Diverse tritepenoids from the fruits of Walsura robusta and their reversal of multidrug resistance phenotype in human breast cancer cells.

作者信息

Zhang Yao, An Fa-Liang, Huang Shan-Shan, Yang Lei, Gu Yu-Cheng, Luo Jun, Kong Ling-Yi

机构信息

State Key Laboratory of Natural Medicines, Department of Natural Medicinal Chemistry, China Pharmaceutical University, 24 Tong Jia Xiang, Nanjing, 210009, China.

Syngenta Jealott's Hill International Research Centre, Bracknell, Berkshire, RG42 6EY, UK.

出版信息

Phytochemistry. 2017 Apr;136:108-118. doi: 10.1016/j.phytochem.2017.01.008. Epub 2017 Jan 24.

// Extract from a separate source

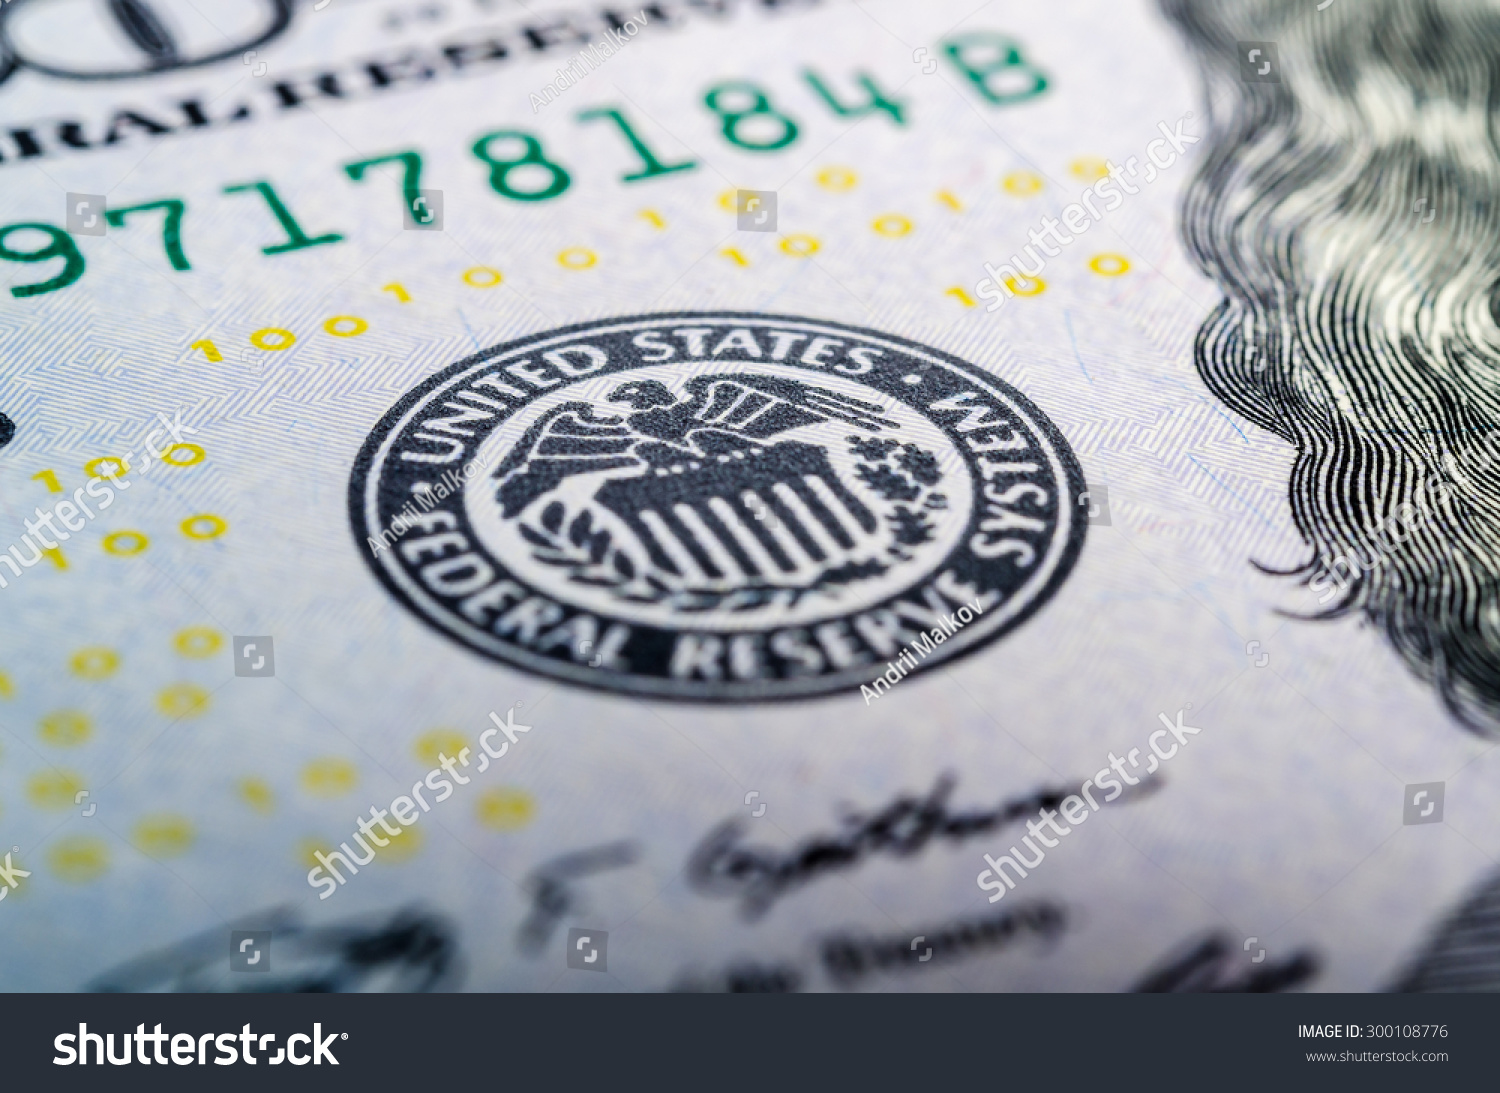 Federal reserve system symbol on hundred dollar bill closeup macro shot #300108776

DOI:10.1016/j.phytochem.2017.01.008
PMID:28129886
Abstract

Four 18 (13 → 14)-abeo limonoids, five cedrelone limonoids, and five walsurin limonoids were isolated from the fruits of Walsura robusta together with 21 known compounds. Their structures were determined by extensive studies of their one- and two-dimensional NMR spectra and mass spectroscopy results. Among all the isolated compounds, the absolute configurations of 11-oxo-dihydrocedrelone, walsuronoid B, dysoxylumosin G, and walsunoid H were confirmed by single crystal X-ray diffraction. Selected compounds were evaluated for their reversal of multidrug resistance (MDR) phenotype in human breast cancer cells in vitro. Walsurin A showed significant effect in sensitization of these resistant cancer cells at non-toxic concentration to doxorubicin with the modulation factor of 62.76.

摘要

从粗壮割舌树果实中分离得到4个18(13→14)-去甲柠檬苦素、5个杜楝酮柠檬苦素和5个沃苏林柠檬苦素,以及21个已知化合物。通过对其一维、二维核磁共振光谱和质谱结果的广泛研究确定了它们的结构。在所有分离得到的化合物中,11-氧代-二氢杜楝酮、沃苏林类化合物B、木果楝素G和沃苏林类化合物H的绝对构型通过单晶X射线衍射得以确证。对所选化合物在体外人乳腺癌细胞中逆转多药耐药(MDR)表型的能力进行了评估。沃苏林A在无毒浓度下对这些耐药癌细胞具有显著的增敏作用,对阿霉素的调节因子为62.76。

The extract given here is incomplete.